The decision is the nail in the coffin for Kizer’s vision.

“Thats a wrap on Murphy [Flats] as a condo project,” she said the morning Jenkins handed over the decision. “We are not planning to appeal the decision but will instead just move on with our lives.”

To cut her losses, Kizer is pivoting to Murphy Flats as rental housing. It will change the project from a wealth-building opportunity for low- to middle-income individuals into a rent-collecting opportunity for middle- to high-income locals who are wealthy enough to afford to take on such a project.

“There are still investors interested in joining in with us on the project, but all want the project as a rental property,” Kizer said.

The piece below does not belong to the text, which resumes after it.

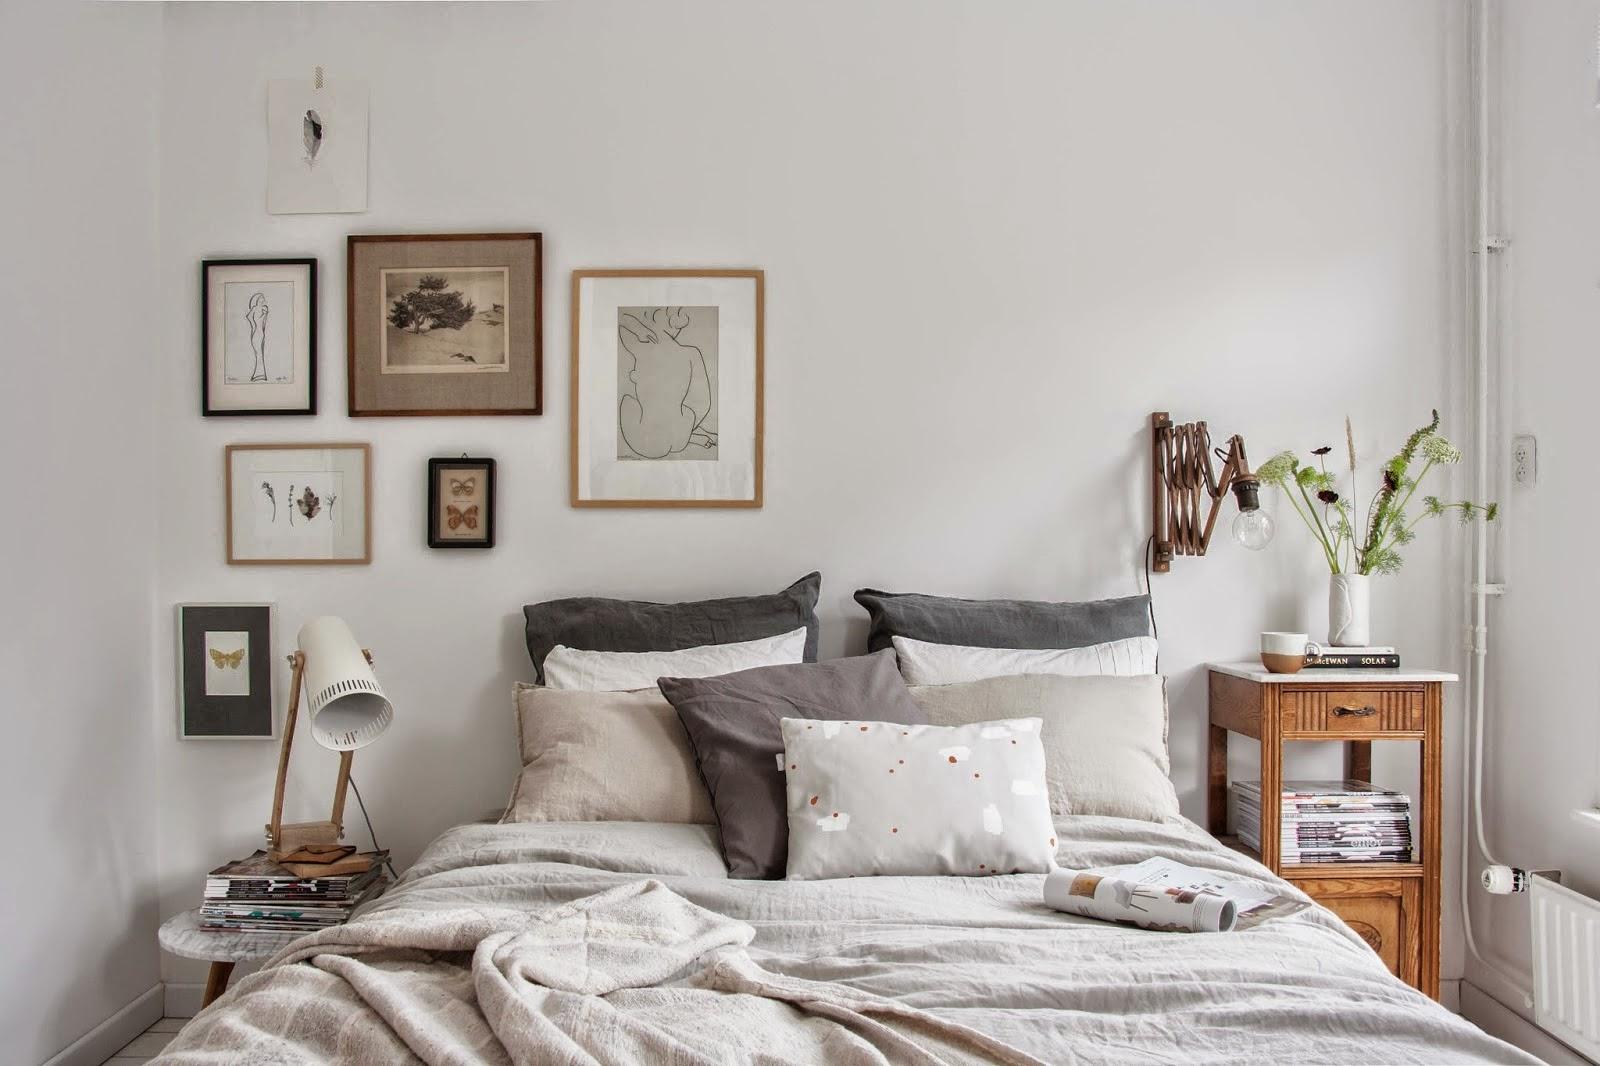 Un dormitorio con vestidor de estilo n rdico vintage - Dormitorios con estilo ...
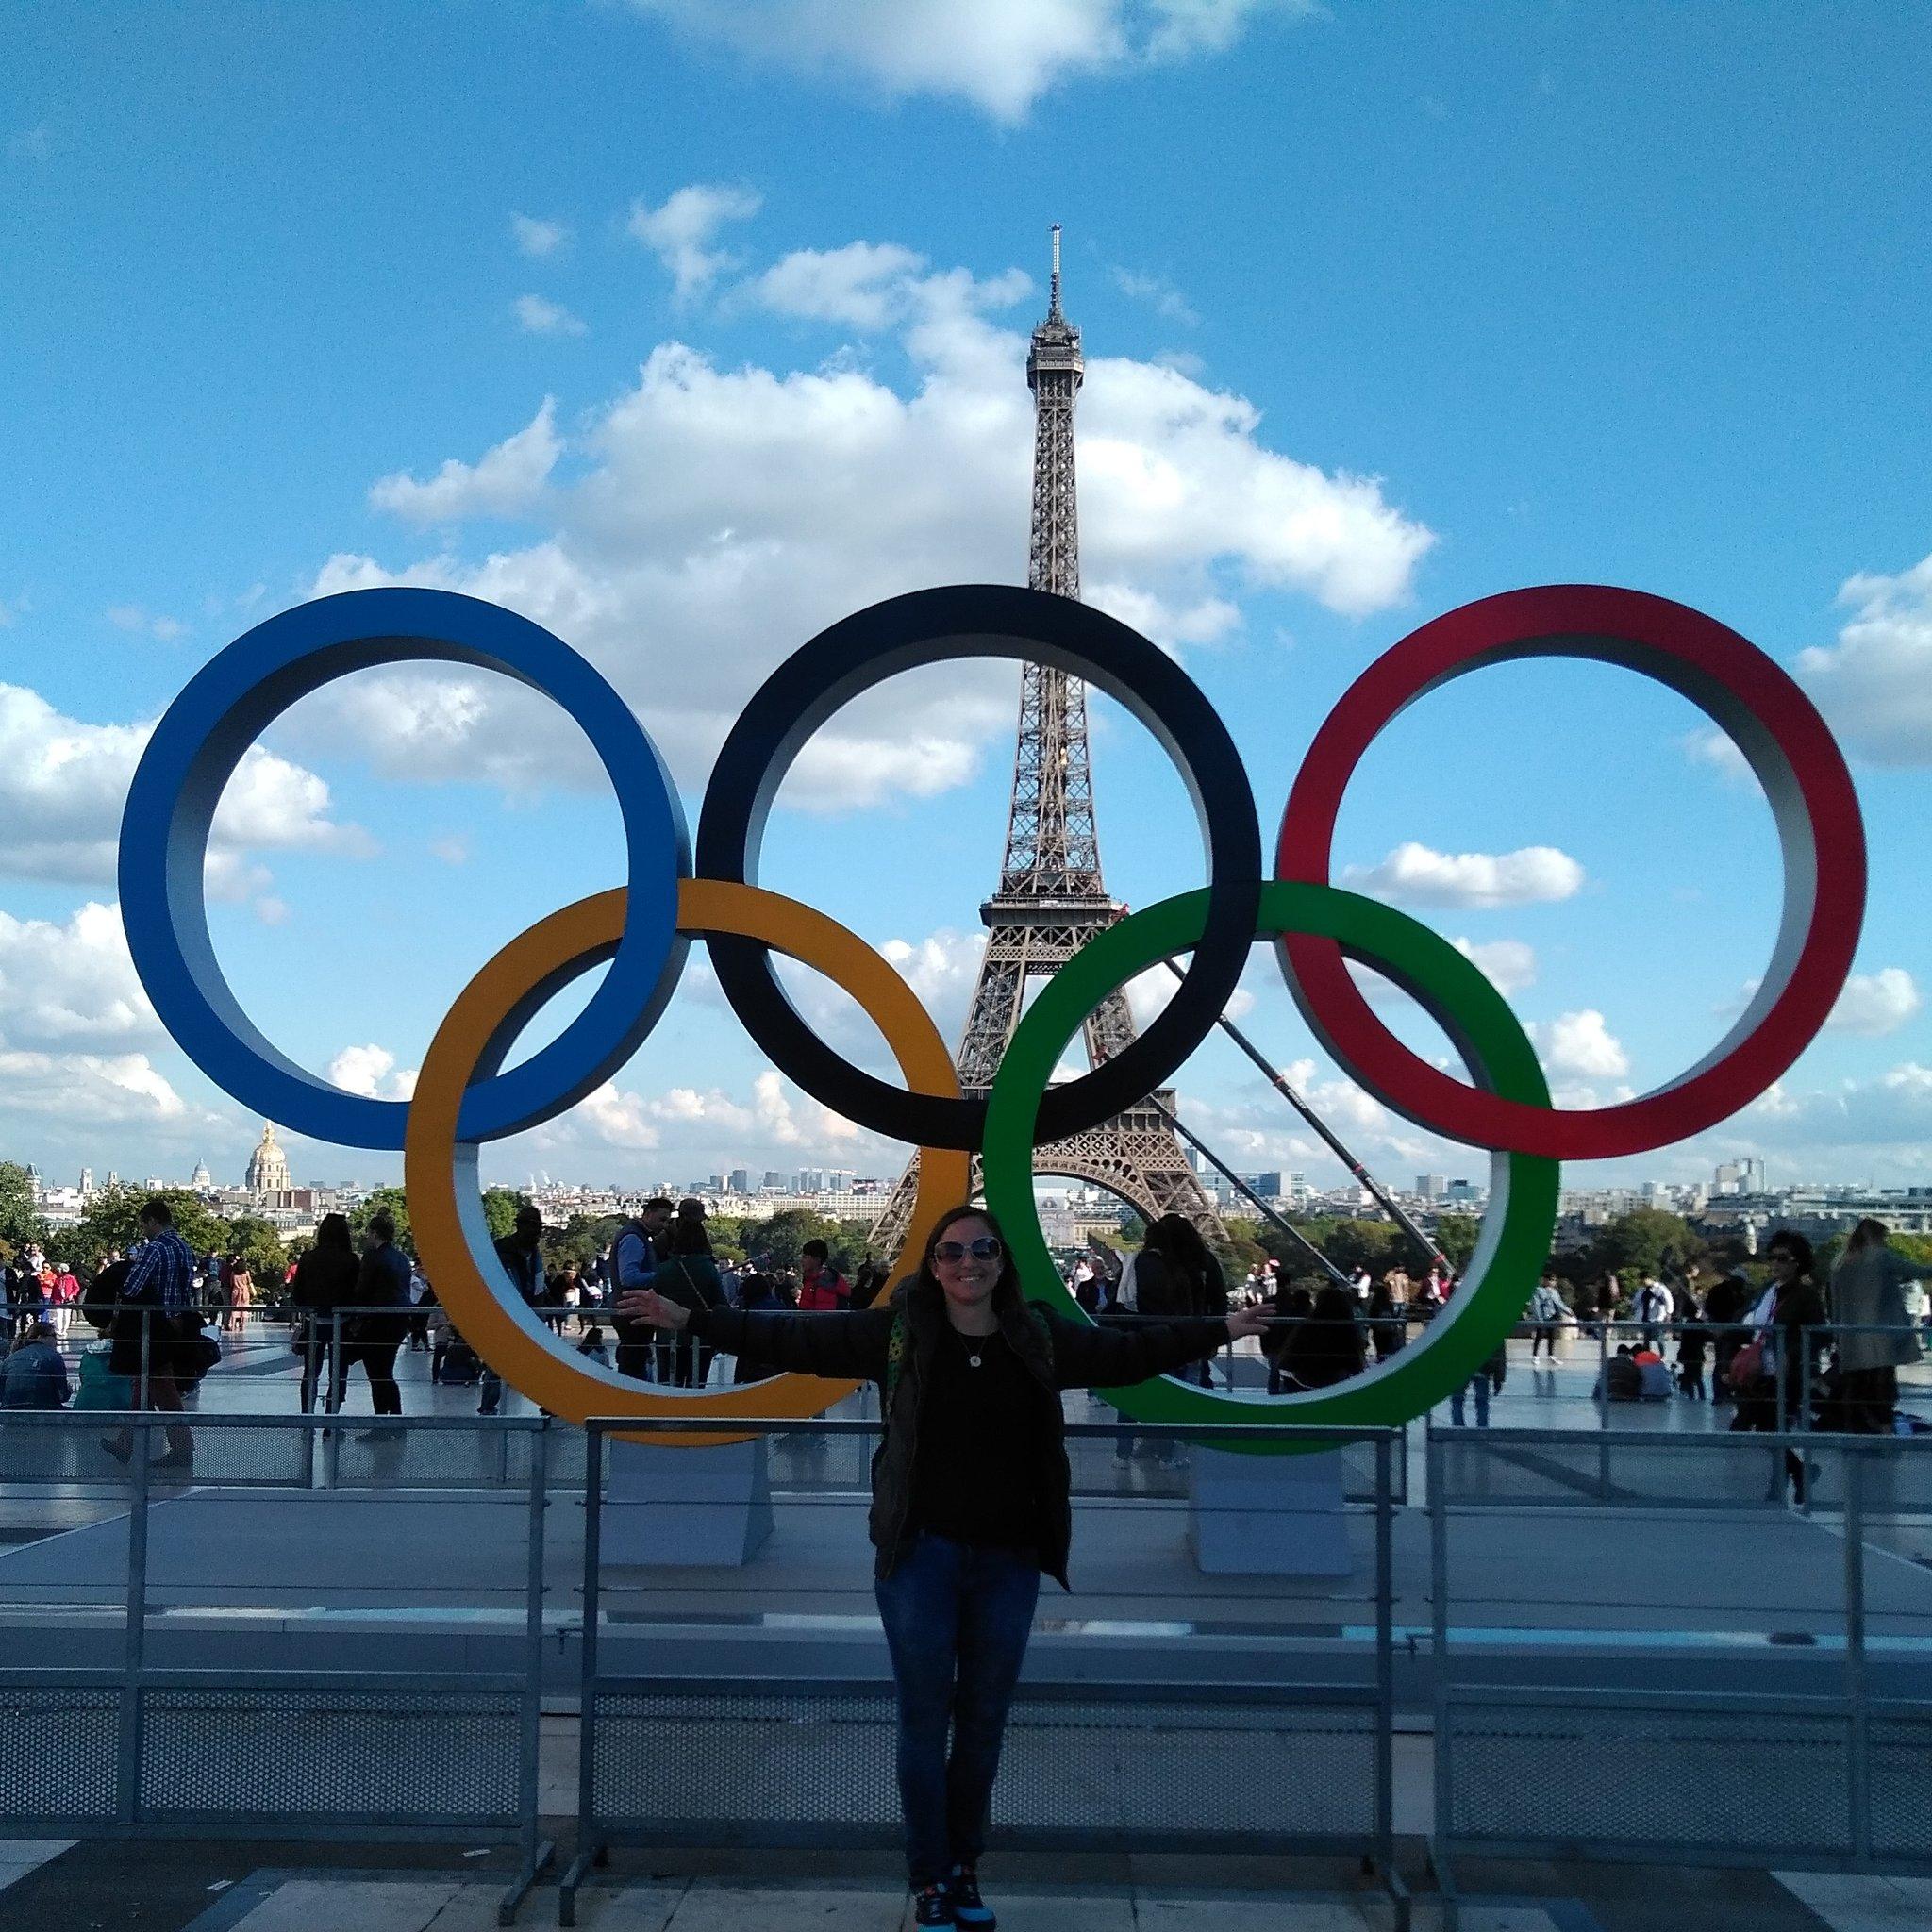 En #París donde ya se respira el espíritu olímpico #Paris2024 fue designada en #Lima hace unos días https://t.co/cOXhVSXIbW

The change will ensure that the project gets off the ground and that it satisfies the letter of the law when it does.

Although the new project will satisfy the need for the projects to be locally owned, the people Kizer thought could purchase the units are no longer eligible. No outside investor is allowed to purchase the project, and no local investors want to back condominiums.

Instead, the only investors now allowed to purchase the project have a vision that differs from the homebuilders who planned it. The local investors don’t want condos; they want rentals.


In response to a request to commissioners for comment, Grand County Attorney Christina Sloan said that she had asked them “not to discuss matters in litigation until the appeal periods lapse.”

She also said that the commission would amend the HDHO rules and regulations at its meeting June 15 to remove provisions allowing for corporate ownership of HDHO units, as required by Jenkins. Sloan said that questions regarding the effects of the decision “will likely be answered” during discussion at the meeting.

With respect to the intent of the ordinance, Jenkins said the matter was irrelevant to the decision, as the code itself was clear enough.

Anticipating a denial of her own appeal in light of the Murphy Flats decision, HDHO homebuilder Jennifer Johnston said that she expects to file a lawsuit against the county in Moab’s district court. Johnston is the developer of the Peak View Subdivision on Spanish Valley Drive.